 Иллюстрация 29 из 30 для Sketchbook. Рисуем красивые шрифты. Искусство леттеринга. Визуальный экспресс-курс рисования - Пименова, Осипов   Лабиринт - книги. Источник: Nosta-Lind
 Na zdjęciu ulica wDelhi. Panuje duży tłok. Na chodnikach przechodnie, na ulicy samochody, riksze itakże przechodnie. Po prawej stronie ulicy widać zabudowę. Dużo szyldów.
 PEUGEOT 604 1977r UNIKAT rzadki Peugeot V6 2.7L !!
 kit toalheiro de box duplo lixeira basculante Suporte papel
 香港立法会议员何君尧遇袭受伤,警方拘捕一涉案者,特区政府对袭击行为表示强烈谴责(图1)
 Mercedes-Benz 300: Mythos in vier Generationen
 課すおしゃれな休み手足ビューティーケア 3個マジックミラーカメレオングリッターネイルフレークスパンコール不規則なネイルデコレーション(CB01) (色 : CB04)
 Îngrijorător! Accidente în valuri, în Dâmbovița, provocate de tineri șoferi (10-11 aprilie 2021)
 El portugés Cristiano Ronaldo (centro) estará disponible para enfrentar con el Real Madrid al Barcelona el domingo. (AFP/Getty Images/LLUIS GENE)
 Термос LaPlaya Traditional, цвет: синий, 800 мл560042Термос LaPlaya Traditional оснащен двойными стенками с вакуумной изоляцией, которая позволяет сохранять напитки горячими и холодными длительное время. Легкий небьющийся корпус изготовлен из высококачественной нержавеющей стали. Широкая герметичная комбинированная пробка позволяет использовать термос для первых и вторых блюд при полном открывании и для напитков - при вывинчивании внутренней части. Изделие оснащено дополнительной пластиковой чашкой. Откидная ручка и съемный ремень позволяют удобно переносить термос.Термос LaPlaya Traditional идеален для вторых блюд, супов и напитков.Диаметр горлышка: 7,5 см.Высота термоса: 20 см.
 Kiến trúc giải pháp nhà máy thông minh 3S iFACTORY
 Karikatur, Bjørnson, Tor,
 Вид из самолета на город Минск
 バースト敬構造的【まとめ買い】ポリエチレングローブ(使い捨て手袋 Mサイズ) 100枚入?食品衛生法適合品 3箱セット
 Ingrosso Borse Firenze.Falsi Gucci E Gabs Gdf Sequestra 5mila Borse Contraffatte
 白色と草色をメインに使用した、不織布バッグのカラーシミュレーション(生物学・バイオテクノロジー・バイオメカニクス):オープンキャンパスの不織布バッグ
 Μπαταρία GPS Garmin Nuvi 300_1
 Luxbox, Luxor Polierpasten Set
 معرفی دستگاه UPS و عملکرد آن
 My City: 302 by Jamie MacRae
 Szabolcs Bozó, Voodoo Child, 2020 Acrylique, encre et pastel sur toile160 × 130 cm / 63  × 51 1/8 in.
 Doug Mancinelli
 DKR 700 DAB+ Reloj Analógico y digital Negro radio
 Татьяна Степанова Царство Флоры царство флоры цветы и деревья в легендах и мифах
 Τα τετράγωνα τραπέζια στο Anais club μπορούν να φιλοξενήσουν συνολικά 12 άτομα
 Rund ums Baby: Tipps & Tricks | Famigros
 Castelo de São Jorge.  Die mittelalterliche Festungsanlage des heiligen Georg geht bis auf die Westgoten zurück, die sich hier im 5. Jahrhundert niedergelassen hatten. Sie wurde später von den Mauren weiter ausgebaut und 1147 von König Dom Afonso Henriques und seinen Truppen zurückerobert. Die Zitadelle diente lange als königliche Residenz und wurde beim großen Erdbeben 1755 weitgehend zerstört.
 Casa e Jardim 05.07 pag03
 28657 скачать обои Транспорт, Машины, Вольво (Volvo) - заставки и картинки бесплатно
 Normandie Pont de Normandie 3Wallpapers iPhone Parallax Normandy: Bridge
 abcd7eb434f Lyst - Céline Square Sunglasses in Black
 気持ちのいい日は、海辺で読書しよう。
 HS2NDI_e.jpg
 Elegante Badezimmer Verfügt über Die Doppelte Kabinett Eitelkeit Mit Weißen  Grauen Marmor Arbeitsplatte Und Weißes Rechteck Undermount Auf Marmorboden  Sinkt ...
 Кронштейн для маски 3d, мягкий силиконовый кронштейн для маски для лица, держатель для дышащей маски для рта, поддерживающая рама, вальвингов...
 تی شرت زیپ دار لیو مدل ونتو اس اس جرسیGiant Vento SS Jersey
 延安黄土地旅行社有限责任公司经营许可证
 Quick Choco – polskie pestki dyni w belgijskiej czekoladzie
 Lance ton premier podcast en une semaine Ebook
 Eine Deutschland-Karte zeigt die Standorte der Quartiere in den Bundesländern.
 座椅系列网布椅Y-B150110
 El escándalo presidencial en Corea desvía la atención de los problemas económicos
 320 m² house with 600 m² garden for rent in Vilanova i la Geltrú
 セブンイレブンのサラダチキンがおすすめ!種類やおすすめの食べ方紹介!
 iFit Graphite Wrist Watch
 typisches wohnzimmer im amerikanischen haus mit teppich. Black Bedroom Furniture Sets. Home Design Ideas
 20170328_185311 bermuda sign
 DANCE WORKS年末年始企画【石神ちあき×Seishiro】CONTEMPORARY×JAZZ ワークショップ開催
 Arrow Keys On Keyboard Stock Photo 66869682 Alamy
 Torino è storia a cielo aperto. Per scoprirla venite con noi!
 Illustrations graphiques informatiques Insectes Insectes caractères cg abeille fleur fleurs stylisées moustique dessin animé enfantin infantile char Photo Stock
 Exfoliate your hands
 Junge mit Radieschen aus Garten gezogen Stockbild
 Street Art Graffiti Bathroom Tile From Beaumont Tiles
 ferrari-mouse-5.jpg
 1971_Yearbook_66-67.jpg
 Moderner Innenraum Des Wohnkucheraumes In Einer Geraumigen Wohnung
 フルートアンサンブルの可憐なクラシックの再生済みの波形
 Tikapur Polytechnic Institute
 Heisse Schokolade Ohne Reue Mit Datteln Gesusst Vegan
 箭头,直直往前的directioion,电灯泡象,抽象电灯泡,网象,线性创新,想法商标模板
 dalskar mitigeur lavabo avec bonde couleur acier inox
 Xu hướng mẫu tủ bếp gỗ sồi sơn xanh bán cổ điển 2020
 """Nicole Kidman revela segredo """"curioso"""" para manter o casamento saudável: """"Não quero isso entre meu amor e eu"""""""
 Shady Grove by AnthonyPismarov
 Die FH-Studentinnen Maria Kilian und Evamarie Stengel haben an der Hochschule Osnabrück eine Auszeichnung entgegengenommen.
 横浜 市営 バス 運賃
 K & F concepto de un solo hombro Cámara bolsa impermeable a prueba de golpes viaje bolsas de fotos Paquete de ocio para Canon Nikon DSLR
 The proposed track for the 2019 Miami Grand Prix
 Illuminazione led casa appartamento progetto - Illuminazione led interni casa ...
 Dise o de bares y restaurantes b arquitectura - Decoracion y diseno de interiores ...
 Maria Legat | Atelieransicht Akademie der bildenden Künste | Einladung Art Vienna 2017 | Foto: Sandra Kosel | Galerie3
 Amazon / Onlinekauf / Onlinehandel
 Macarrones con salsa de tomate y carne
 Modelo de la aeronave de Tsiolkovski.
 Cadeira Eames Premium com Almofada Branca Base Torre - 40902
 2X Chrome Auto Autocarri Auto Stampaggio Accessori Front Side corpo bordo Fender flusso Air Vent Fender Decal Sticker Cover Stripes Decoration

__________

- _Instructions for the task_
What you should produce is an exact copy of the records above.

- _Answer to the exercise_
 Иллюстрация 29 из 30 для Sketchbook. Рисуем красивые шрифты. Искусство леттеринга. Визуальный экспресс-курс рисования - Пименова, Осипов   Лабиринт - книги. Источник: Nosta-Lind
 Na zdjęciu ulica wDelhi. Panuje duży tłok. Na chodnikach przechodnie, na ulicy samochody, riksze itakże przechodnie. Po prawej stronie ulicy widać zabudowę. Dużo szyldów.
 PEUGEOT 604 1977r UNIKAT rzadki Peugeot V6 2.7L !!
 kit toalheiro de box duplo lixeira basculante Suporte papel
 香港立法会议员何君尧遇袭受伤,警方拘捕一涉案者,特区政府对袭击行为表示强烈谴责(图1)
 Mercedes-Benz 300: Mythos in vier Generationen
 課すおしゃれな休み手足ビューティーケア 3個マジックミラーカメレオングリッターネイルフレークスパンコール不規則なネイルデコレーション(CB01) (色 : CB04)
 Îngrijorător! Accidente în valuri, în Dâmbovița, provocate de tineri șoferi (10-11 aprilie 2021)
 El portugés Cristiano Ronaldo (centro) estará disponible para enfrentar con el Real Madrid al Barcelona el domingo. (AFP/Getty Images/LLUIS GENE)
 Термос LaPlaya Traditional, цвет: синий, 800 мл560042Термос LaPlaya Traditional оснащен двойными стенками с вакуумной изоляцией, которая позволяет сохранять напитки горячими и холодными длительное время. Легкий небьющийся корпус изготовлен из высококачественной нержавеющей стали. Широкая герметичная комбинированная пробка позволяет использовать термос для первых и вторых блюд при полном открывании и для напитков - при вывинчивании внутренней части. Изделие оснащено дополнительной пластиковой чашкой. Откидная ручка и съемный ремень позволяют удобно переносить термос.Термос LaPlaya Traditional идеален для вторых блюд, супов и напитков.Диаметр горлышка: 7,5 см.Высота термоса: 20 см.
 Kiến trúc giải pháp nhà máy thông minh 3S iFACTORY
 Karikatur, Bjørnson, Tor,
 Вид из самолета на город Минск
 バースト敬構造的【まとめ買い】ポリエチレングローブ(使い捨て手袋 Mサイズ) 100枚入?食品衛生法適合品 3箱セット
 Ingrosso Borse Firenze.Falsi Gucci E Gabs Gdf Sequestra 5mila Borse Contraffatte
 白色と草色をメインに使用した、不織布バッグのカラーシミュレーション(生物学・バイオテクノロジー・バイオメカニクス):オープンキャンパスの不織布バッグ
 Μπαταρία GPS Garmin Nuvi 300_1
 Luxbox, Luxor Polierpasten Set
 معرفی دستگاه UPS و عملکرد آن
 My City: 302 by Jamie MacRae
 Szabolcs Bozó, Voodoo Child, 2020 Acrylique, encre et pastel sur toile160 × 130 cm / 63  × 51 1/8 in.
 Doug Mancinelli
 DKR 700 DAB+ Reloj Analógico y digital Negro radio
 Татьяна Степанова Царство Флоры царство флоры цветы и деревья в легендах и мифах
 Τα τετράγωνα τραπέζια στο Anais club μπορούν να φιλοξενήσουν συνολικά 12 άτομα
 Rund ums Baby: Tipps & Tricks | Famigros
 Castelo de São Jorge.  Die mittelalterliche Festungsanlage des heiligen Georg geht bis auf die Westgoten zurück, die sich hier im 5. Jahrhundert niedergelassen hatten. Sie wurde später von den Mauren weiter ausgebaut und 1147 von König Dom Afonso Henriques und seinen Truppen zurückerobert. Die Zitadelle diente lange als königliche Residenz und wurde beim großen Erdbeben 1755 weitgehend zerstört.
 Casa e Jardim 05.07 pag03
 28657 скачать обои Транспорт, Машины, Вольво (Volvo) - заставки и картинки бесплатно
 Normandie Pont de Normandie 3Wallpapers iPhone Parallax Normandy: Bridge
 abcd7eb434f Lyst - Céline Square Sunglasses in Black
 気持ちのいい日は、海辺で読書しよう。
 HS2NDI_e.jpg
 Elegante Badezimmer Verfügt über Die Doppelte Kabinett Eitelkeit Mit Weißen  Grauen Marmor Arbeitsplatte Und Weißes Rechteck Undermount Auf Marmorboden  Sinkt ...
 Кронштейн для маски 3d, мягкий силиконовый кронштейн для маски для лица, держатель для дышащей маски для рта, поддерживающая рама, вальвингов...
 تی شرت زیپ دار لیو مدل ونتو اس اس جرسیGiant Vento SS Jersey
 延安黄土地旅行社有限责任公司经营许可证
 Quick Choco – polskie pestki dyni w belgijskiej czekoladzie
 Lance ton premier podcast en une semaine Ebook
 Eine Deutschland-Karte zeigt die Standorte der Quartiere in den Bundesländern.
 座椅系列网布椅Y-B150110
 El escándalo presidencial en Corea desvía la atención de los problemas económicos
 320 m² house with 600 m² garden for rent in Vilanova i la Geltrú
 セブンイレブンのサラダチキンがおすすめ!種類やおすすめの食べ方紹介!
 iFit Graphite Wrist Watch
 typisches wohnzimmer im amerikanischen haus mit teppich. Black Bedroom Furniture Sets. Home Design Ideas
 20170328_185311 bermuda sign
 DANCE WORKS年末年始企画【石神ちあき×Seishiro】CONTEMPORARY×JAZZ ワークショップ開催
 Arrow Keys On Keyboard Stock Photo 66869682 Alamy
 Torino è storia a cielo aperto. Per scoprirla venite con noi!
 Illustrations graphiques informatiques Insectes Insectes caractères cg abeille fleur fleurs stylisées moustique dessin animé enfantin infantile char Photo Stock
 Exfoliate your hands
 Junge mit Radieschen aus Garten gezogen Stockbild
 Street Art Graffiti Bathroom Tile From Beaumont Tiles
 ferrari-mouse-5.jpg
 1971_Yearbook_66-67.jpg
 Moderner Innenraum Des Wohnkucheraumes In Einer Geraumigen Wohnung
 フルートアンサンブルの可憐なクラシックの再生済みの波形
 Tikapur Polytechnic Institute
 Heisse Schokolade Ohne Reue Mit Datteln Gesusst Vegan
 箭头,直直往前的directioion,电灯泡象,抽象电灯泡,网象,线性创新,想法商标模板
 dalskar mitigeur lavabo avec bonde couleur acier inox
 Xu hướng mẫu tủ bếp gỗ sồi sơn xanh bán cổ điển 2020
 """Nicole Kidman revela segredo """"curioso"""" para manter o casamento saudável: """"Não quero isso entre meu amor e eu"""""""
 Shady Grove by AnthonyPismarov
 Die FH-Studentinnen Maria Kilian und Evamarie Stengel haben an der Hochschule Osnabrück eine Auszeichnung entgegengenommen.
 横浜 市営 バス 運賃
 K & F concepto de un solo hombro Cámara bolsa impermeable a prueba de golpes viaje bolsas de fotos Paquete de ocio para Canon Nikon DSLR
 The proposed track for the 2019 Miami Grand Prix
 Illuminazione led casa appartamento progetto - Illuminazione led interni casa ...
 Dise o de bares y restaurantes b arquitectura - Decoracion y diseno de interiores ...
 Maria Legat | Atelieransicht Akademie der bildenden Künste | Einladung Art Vienna 2017 | Foto: Sandra Kosel | Galerie3
 Amazon / Onlinekauf / Onlinehandel
 Macarrones con salsa de tomate y carne
 Modelo de la aeronave de Tsiolkovski.
 Cadeira Eames Premium com Almofada Branca Base Torre - 40902
 2X Chrome Auto Autocarri Auto Stampaggio Accessori Front Side corpo bordo Fender flusso Air Vent Fender Decal Sticker Cover Stripes Decoration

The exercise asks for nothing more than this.